REQUIREMENT. Transcribe, starting at the line with "sfondo vettoriale verde" and ending at the line with "Joven de 10", every line of the material below exactly, but leave out the pictures and anything outside that span.

RECORDED DATA.

··········

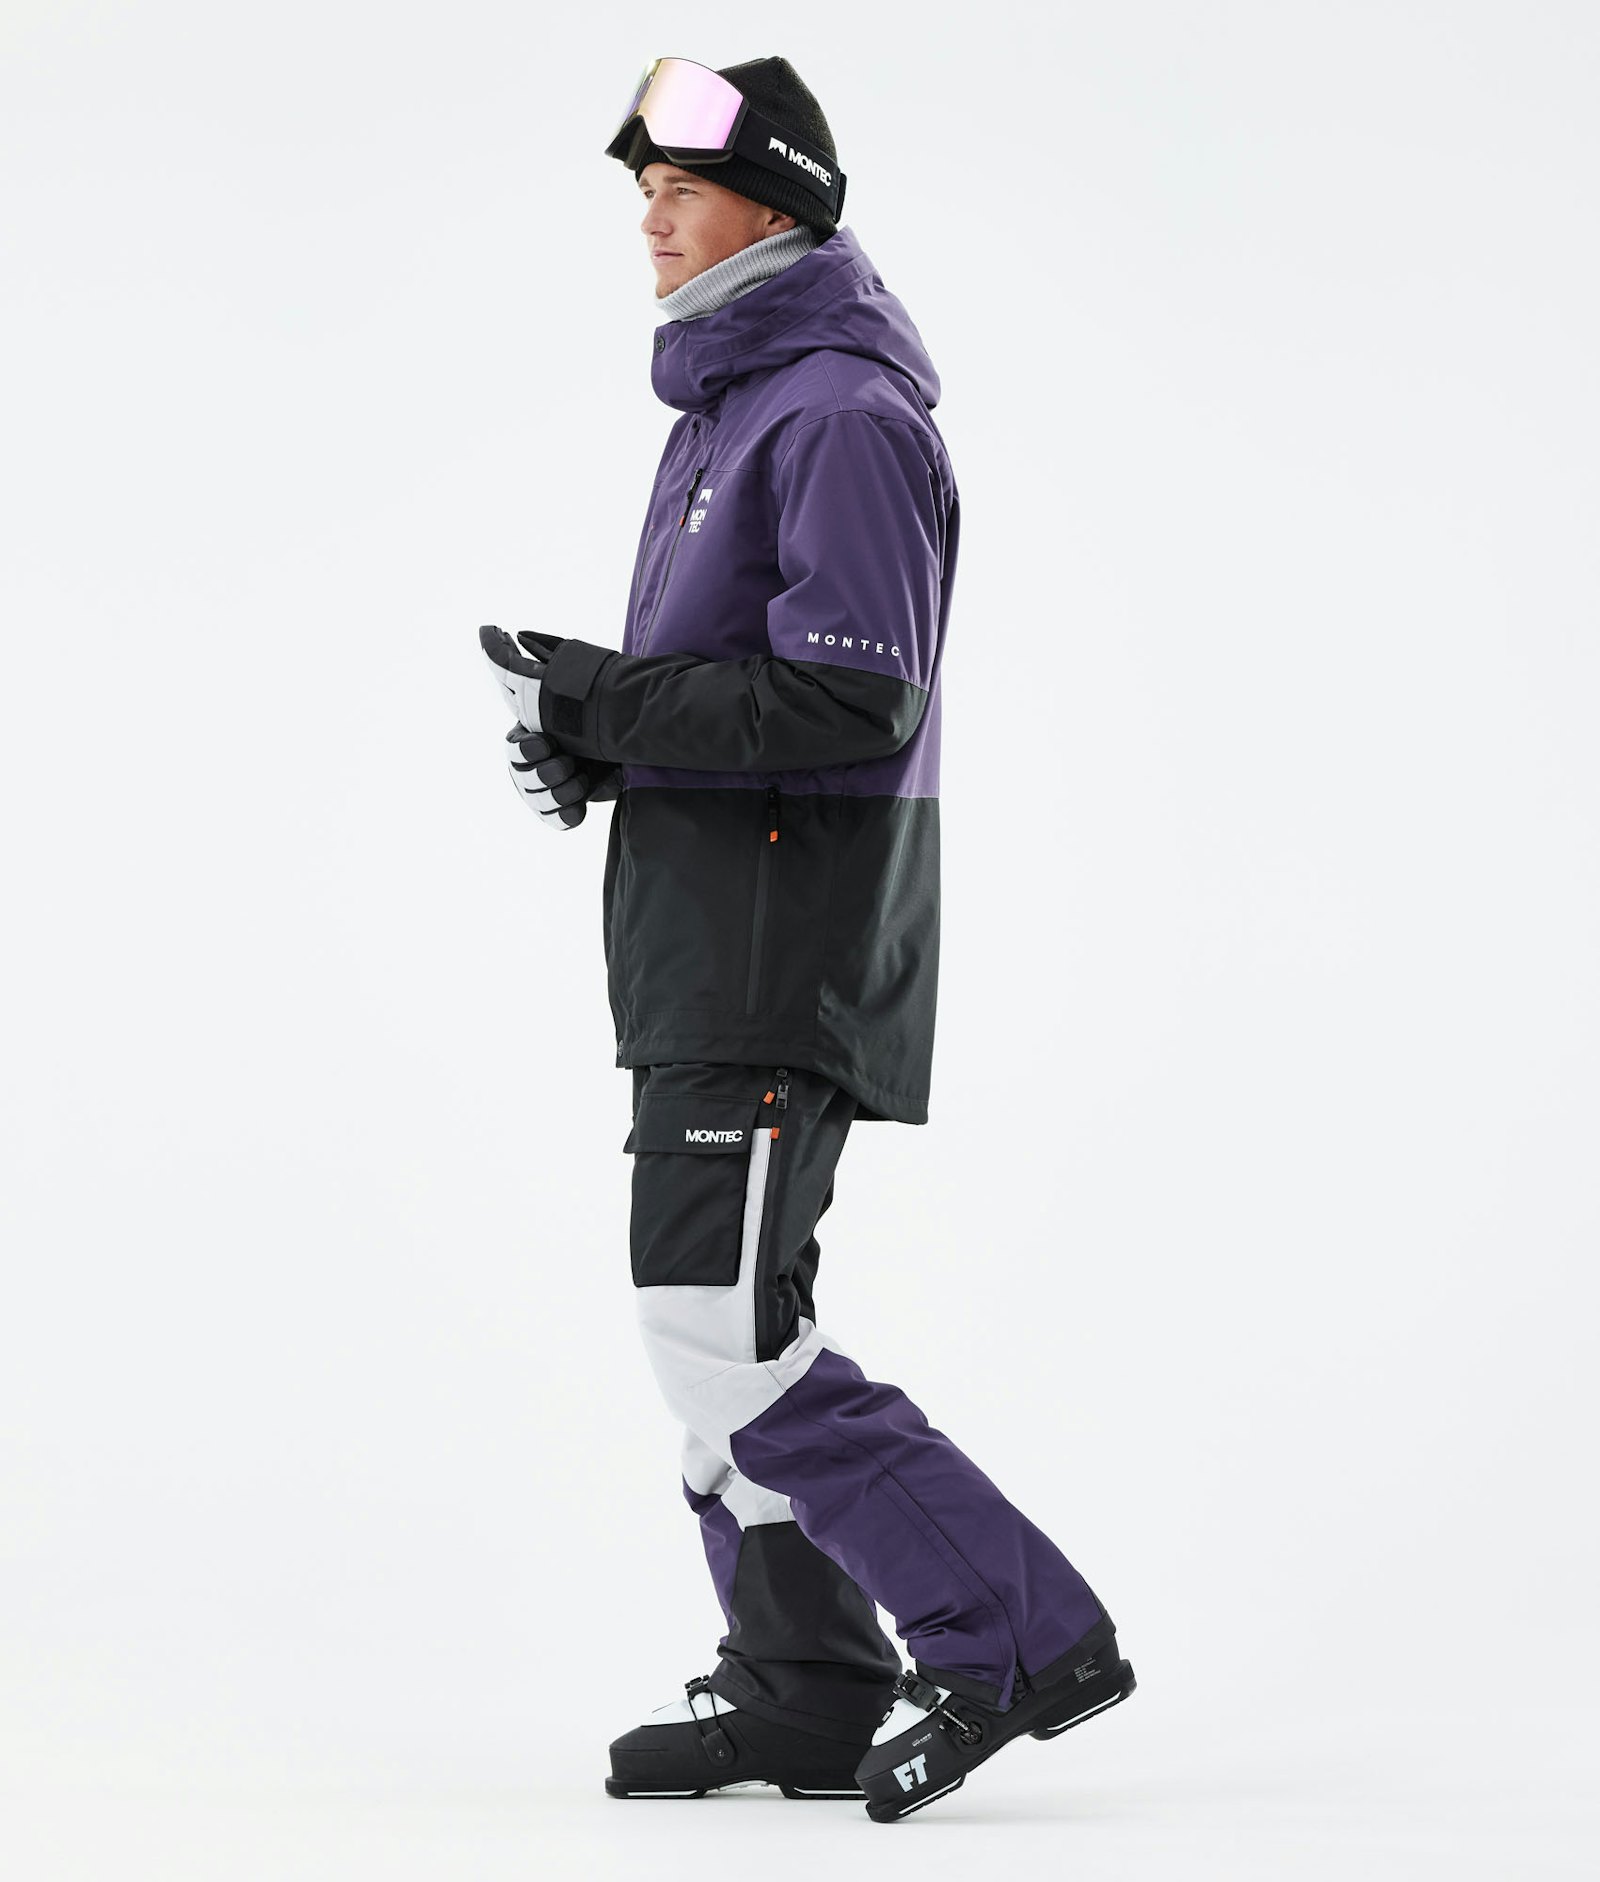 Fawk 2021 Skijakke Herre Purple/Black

··········

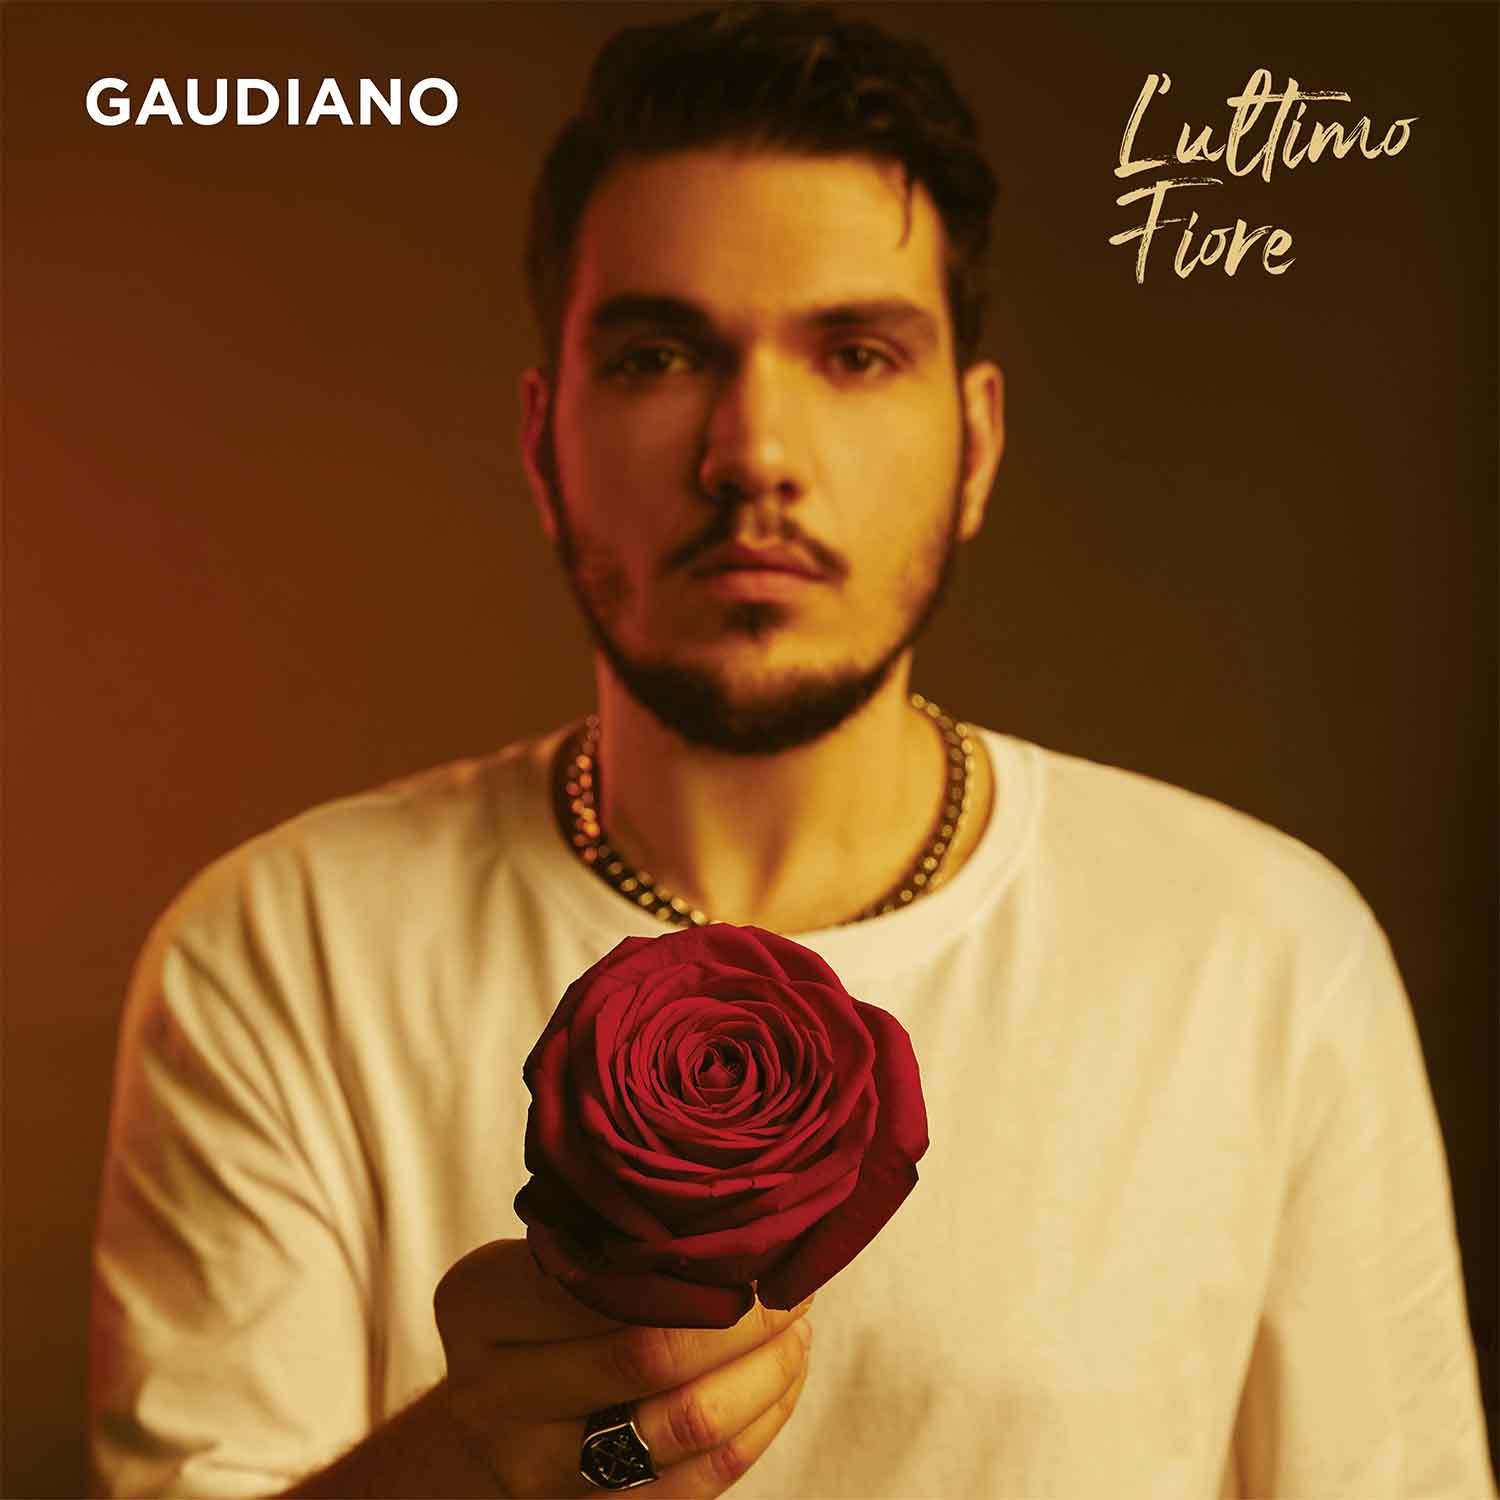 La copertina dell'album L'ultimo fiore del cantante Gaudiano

··········

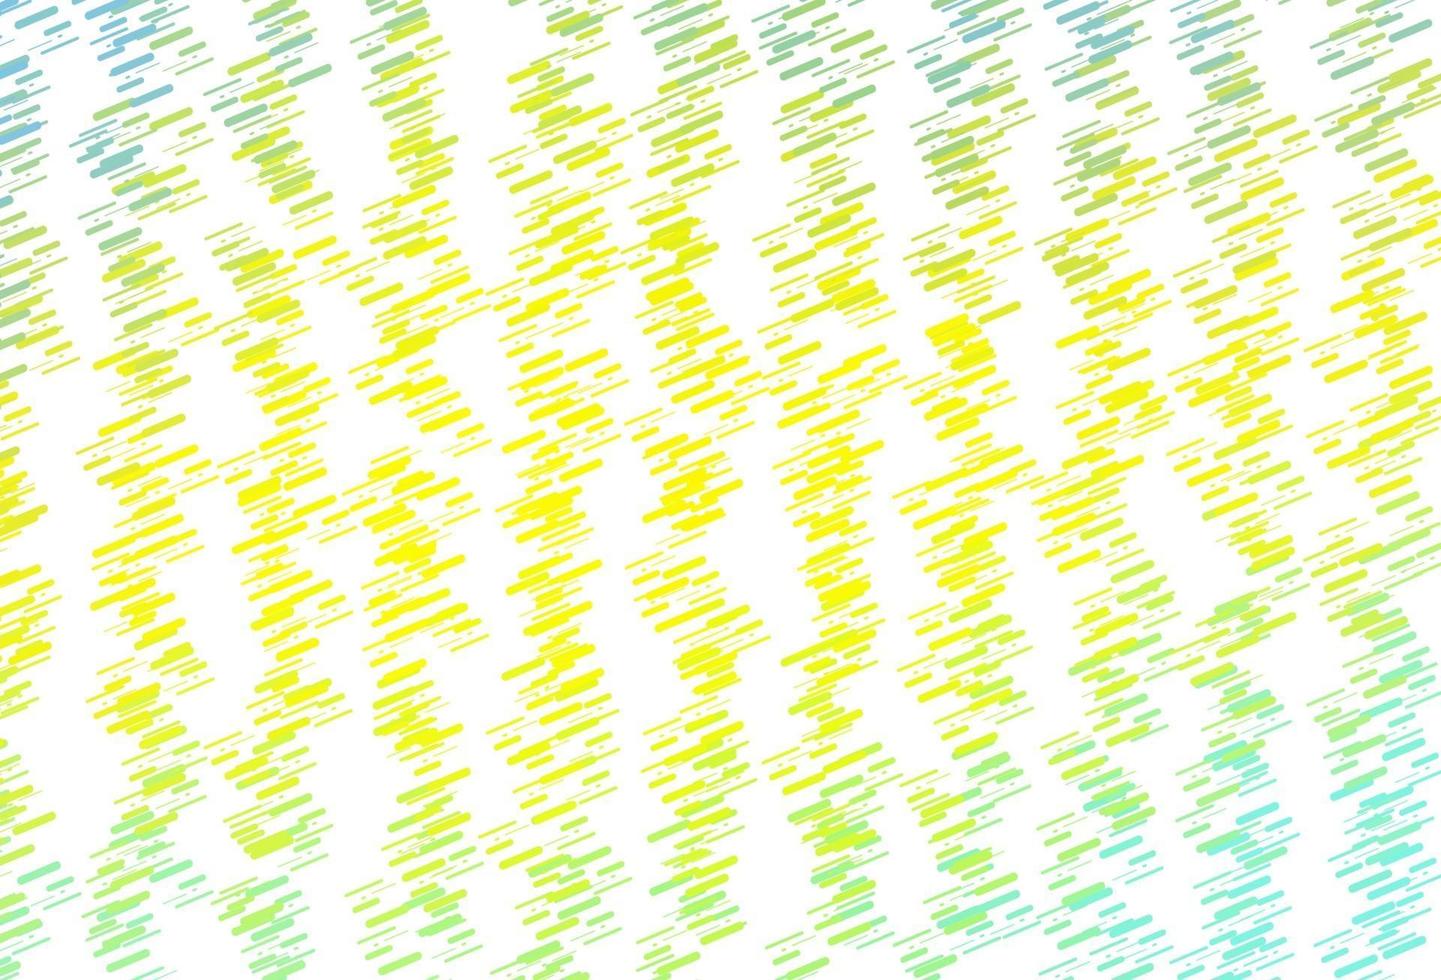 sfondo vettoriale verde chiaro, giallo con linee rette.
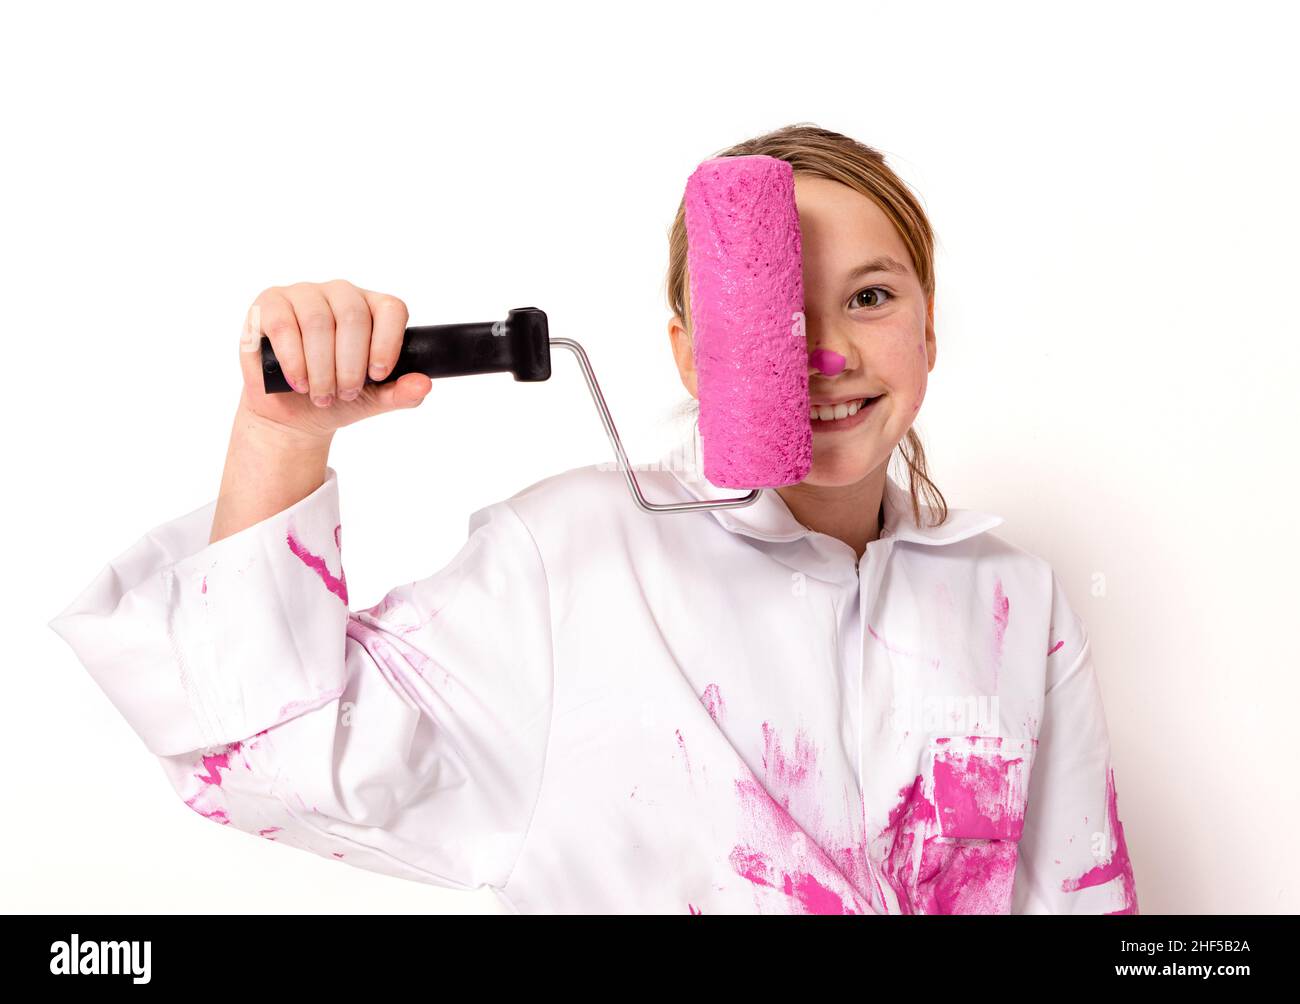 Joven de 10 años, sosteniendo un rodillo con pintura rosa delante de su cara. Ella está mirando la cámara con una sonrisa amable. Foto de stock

··········

YOUR RESPONSE.
 sfondo vettoriale verde chiaro, giallo con linee rette.
 Joven de 10 años, sosteniendo un rodillo con pintura rosa delante de su cara. Ella está mirando la cámara con una sonrisa amable. Foto de stock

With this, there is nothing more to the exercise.